Dear Wes,
Will you ever go bald? Do you worry about it? Do you worry that people won’t want to work with bald Wes Anderson, that they’ll see balding as a sign of antiquatedness, that your career might be divided between the haired and hairless eras?
I worry about it, but then again I worry about almost everything.
A wise man would grow out his hair and have a wig made of it, or a couple of different wigs to simulate different haircuts. Don’t even say a wise man wouldn’t care. Wisdom does not obliterate vanity.
Tomorrow I will go back to the zoo to watch the jaguar cubs. The zookeepers handle all of the animals they don’t plan to release into the wild. This way the animals are easier to care for if they need medical treatment or if their exhibit gets moved. The mother jaguar has gone through this process, but she is not really tamed. She would kill a zookeeper if she ever got a chance. The keeper told me so. The jaguar mother licks her cubs often and lets them play with her tail.

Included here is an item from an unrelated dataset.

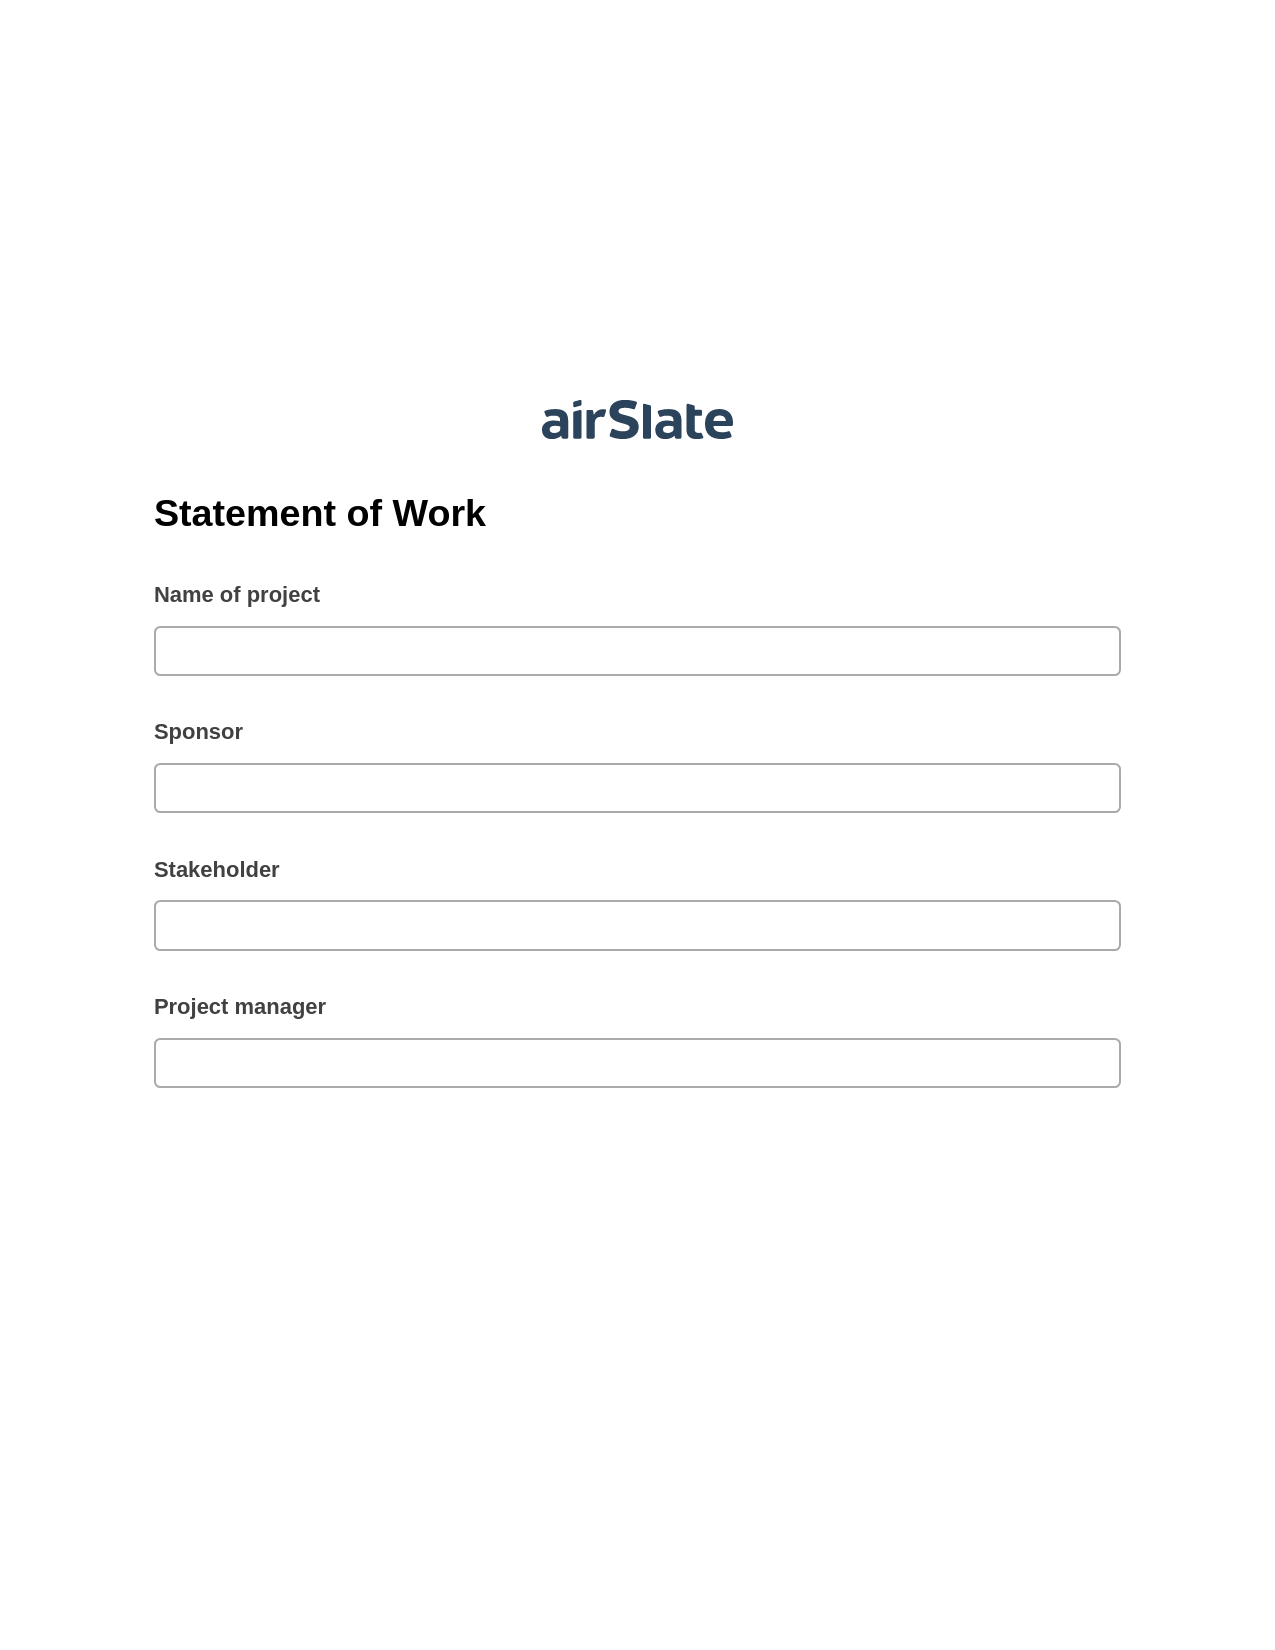 Statement of Work Pre-fill from Google Sheet Dropdown Options Bot, Remove Tags From Slate Bot, Text Message Notification Postfinish Bot

But let’s bring this back to balding. Jaguars don’t go bald. I don’t know if any other species balds. People say that man is the only animal that anticipates his own death. If that’s the case then balding is a bit like anticipation, the hair evacuating the body so the man won’t have to go all at once. Imagine a mountain of hair at heaven’s gate, his own head’s worth awaiting each man on his arrival. Imagine naughty angels diving into the mountain like children into an enormous leaf pile, scattering the hair, mixing it all up, leaving all heaven’s new entrants to settle for patchy and multi-hued new hair, hair they’d likely shave off in preference for a clean and familiar-sheened dome.
Did you ever try to Google Map the way from your house to heaven? It tried to send me to a shop for fancy deserts. Wherever you live it might be different, just like different religions have different conceptions of the afterlife, but I bet a lot of the time you’ll wind up getting directions to a pricy bakery.